In praise of 'small astronomy' - okket
http://blogs.nottingham.ac.uk/newsroom/2016/09/21/praise-small-astronomy/
======
antognini
Astronomy as a field has been relatively friendly to small collaborations,
particularly when compared to its bigger sibling, physics. But the trend
towards larger projects is real and can be seen in the authorship statistics
[1].

But I feel that it is oversimplifying somewhat to compare big projects to
little projects, as the two aren't necessarily in opposition. Oftentimes large
projects are collecting data to answer a small number of important questions,
but in the process of doing so produce data that is useful for individual
astronomers. While those big, important questions may be useful for justifying
the project to grant agencies, everyone knows that the real value is in the
(unpredictable) science that the dataset inspires. SDSS is a good example of
this. (In fact, my very first summer research project as an undergraduate took
advantage of SDSS data.)

It's true that once those driving questions have been answered the big players
look for the next big, shiny project. But the data is still there and is
accessible to the community. That makes it possible for an astronomer to
answer interesting questions without needing to expend the telescope time and
money to collect data that are already there.

But not all large projects are like that.
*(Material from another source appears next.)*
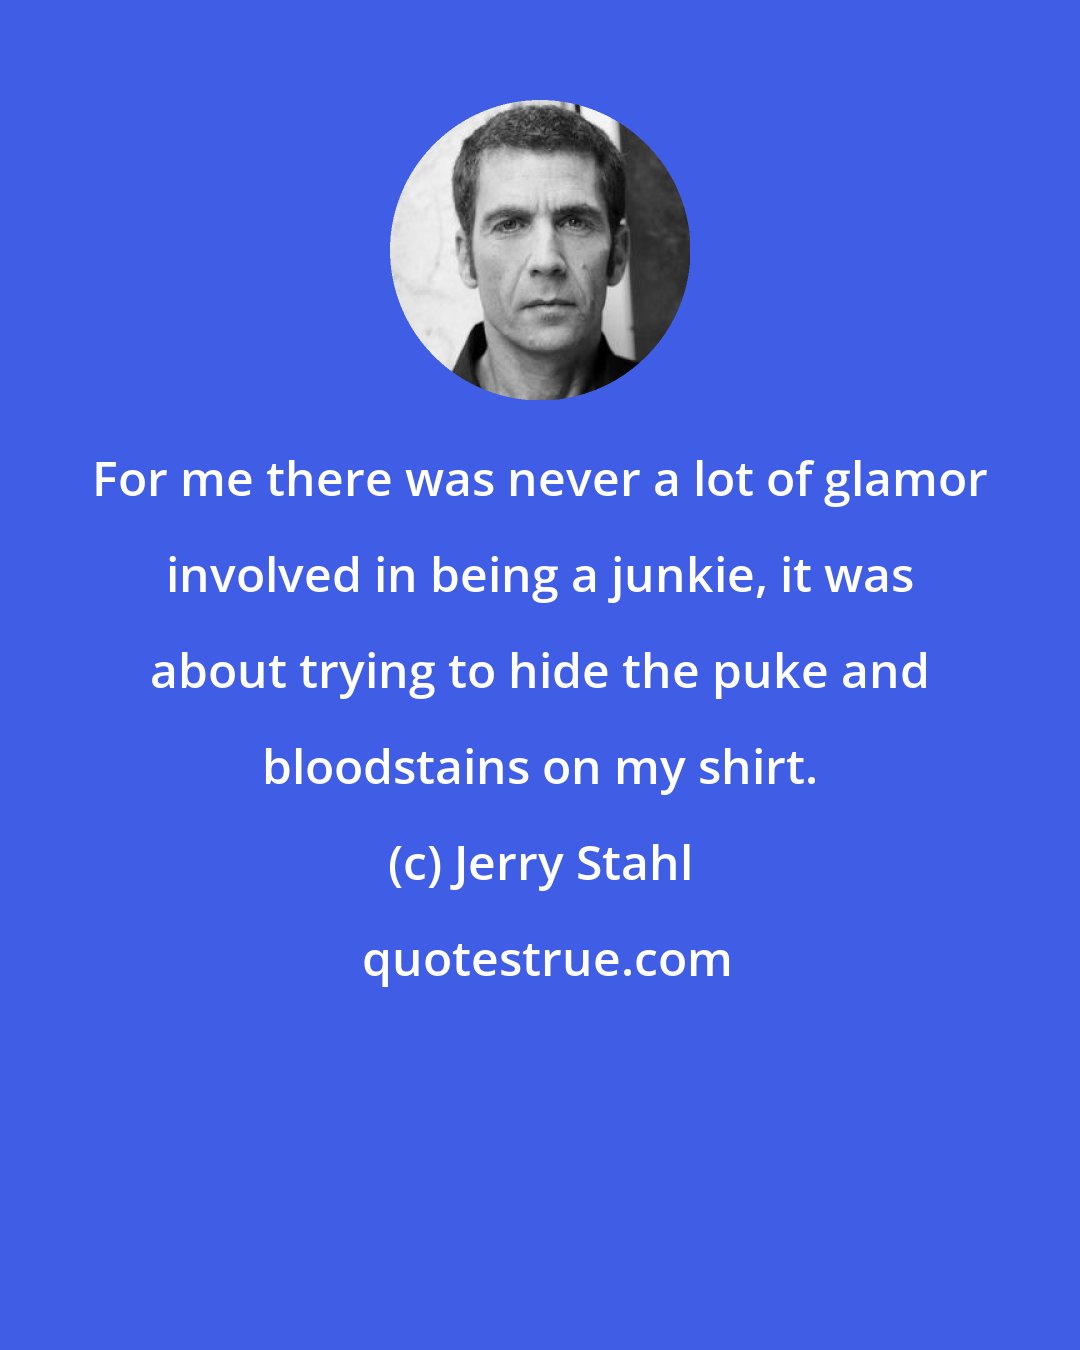 Jerry Stahl: For me there was never a lot of glamor involved in being a junkie, it was about trying to hide the puke and bloodstains on my shirt.

The risk is if the field moves away
from large projects which are more or less glorified catalogs (e.g., SDSS,
Gaia, LSST), towards large projects that don't offer much in the way of
ancillary science to individual astronomers (LIGO and Planck come to mind
here, but someone more knowledgable about those projects should correct me if
I'm wrong).

[1]: [https://orbitingfrog.com/2012/08/04/authorship-in-
astronomy/](https://orbitingfrog.com/2012/08/04/authorship-in-astronomy/)

------
M_Grey
I don't know, high energy/particle physics has had this issue for a while, and
it seems to be doing alright and attracting plenty of new minds into the fray.
To be honest, "small astronomy" probably is likely to have a lot more value
than the various small fusion experiments people build too (and those are
still very cool).